I'm a big fan of the G6 firewall (previously G5) htaccess rules. I was wondering if it would be possible, as well as beneficial, to convert this to be used with NGINX? The source article can be found here: https://perishablepress.com/6g/. If it's possible to rewrite this, would you provide the NGINX equivalent rule set?
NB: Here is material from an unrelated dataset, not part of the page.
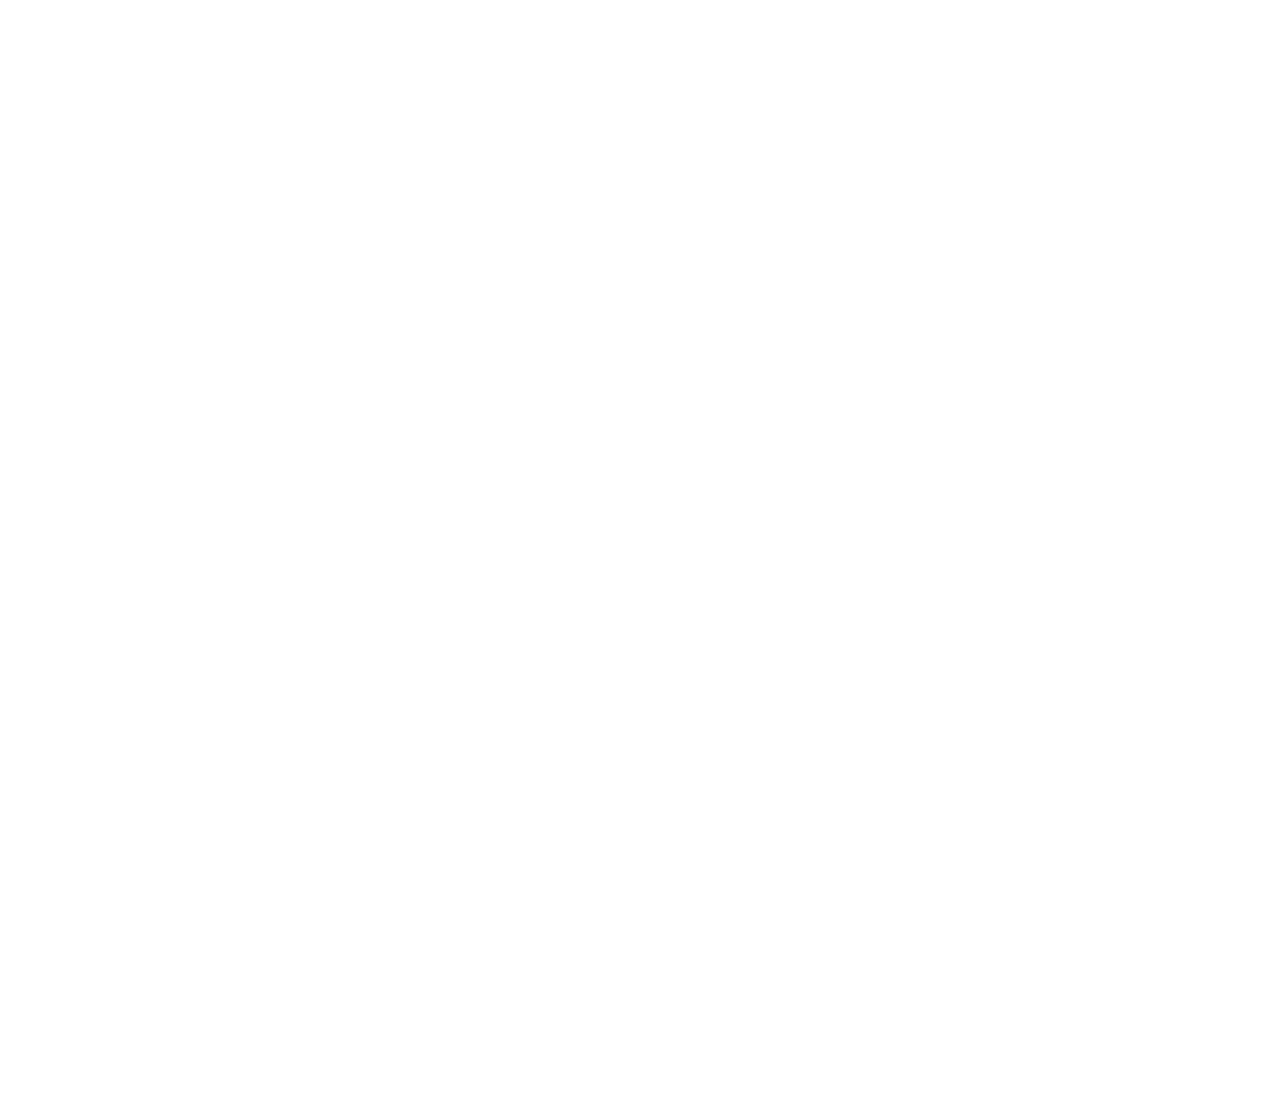 Anchored-Circle-White.png

I think it would be helpful to a lot of developers out there.
Here's the orignal .htaccess rules:
# 6G FIREWALL/BLACKLIST
# # https://perishablepress.com/6g/
# 6G:[QUERY STRINGS]
<IfModule mod_rewrite.c>
RewriteEngine On
RewriteCond %{QUERY_STRING} (eval\() [NC,OR]
RewriteCond %{QUERY_STRING} (127\.0\.0\.1) [NC,OR]
RewriteCond %{QUERY_STRING} ([a-z0-9]{2000}) [NC,OR]
RewriteCond %{QUERY_STRING} (javascript:)(.*)(;) [NC,OR]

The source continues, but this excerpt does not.